А о мамаше и говорить нечего. И раньше всякую весну в ней просыпался неудержимый инстинкт продолжения рода и вида репчатых, зернобобовых и особенно пасленовых культур. Теперь же, когда рассада на балконе уже друг друга глушить принялась, а земля только-только очнулась и пригрелась, удержу мамаше не стало никакого. Ехай с ней на участок да ехай.
Альберт же Иванович любил весну издалека: чтоб за плечами — пресса и прочая ожидаемая корреспонденция, чтоб под ногами — педали, а за штакетником — сады насквозь в цвету, точно застывший фейерверк, точно сфотографированный на долгую память праздник.
(Того и оно, что на долгую память! Да кто же знал, кто такое помыслить мог?!)
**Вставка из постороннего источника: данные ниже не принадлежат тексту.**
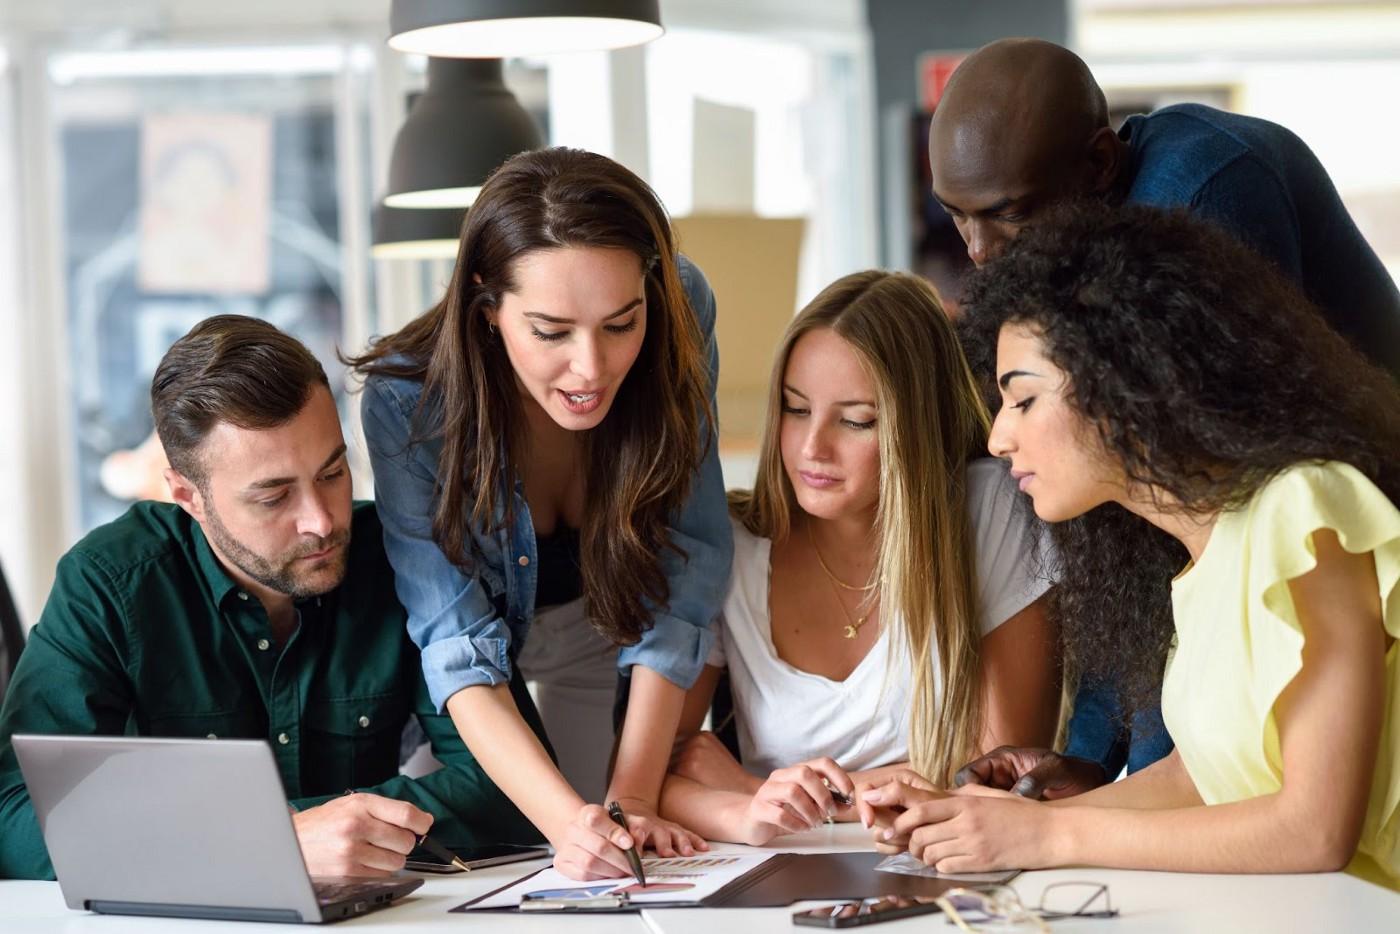 Pesquisa feita pela Play2sell revela que 44% das empresas brasileiras sentem dificuldades em capacitar o time de vendas

А еще лучше — чтобы вокруг — чуть оперившийся лесок, а в руках — свирелька недостроенная. Птицы — не то что соседи: птицы не обижались на пронзительность нот. Один только дятел — ну что тебе тетя Дуся из-за стенки: тук-тук-тук — буквально из себя выходил. А А.И. ему скажет, бывало:
— Дуся ты, дуся! — и расхохочется, и оттого еще бестревожней на сердце станет.
(И это в последнюю-то мамашину весну! Да кто же знал? Кто, пусть в страшном сне, такое привидеть мог?)
По выходным мамаша на него обижалась вдвойне:
— Я все же не ломовая лошадь. А и лошади отдых положен.
Но А.И. всякий раз, с постыдной бестрепетностью упершись в стол, тряс на это пухлыми щеками:
— Сегодня — без меня, мамаша. Сегодня без меня!
Вот и в тот четверг, даже, пожалуй, в тот самый миг, когда Ирина Олеговна храбро нырнула длинным каблучком в мягкую грязь их автостанции, а он еще знать не знал, что особенная эта женщина есть на свете, но все-таки в стол уперся, лоб насупил:
— Я художник, мамаша. Художник! Меня вдохновения посещают!
— Вот беда: папка пил, а дитя в ответе.
— Если вы меня опять придурком обзывать станете!..
— А не обзову — поумнеешь, что ли?
— Вам картошка лучше сына, — упрекнул и устыдился тут же.
— Нехристь, турок! Я ее для кого сажаю? — И жалейку начатую со стола — хвать. — Ну? Теперь чем отговариваться станешь?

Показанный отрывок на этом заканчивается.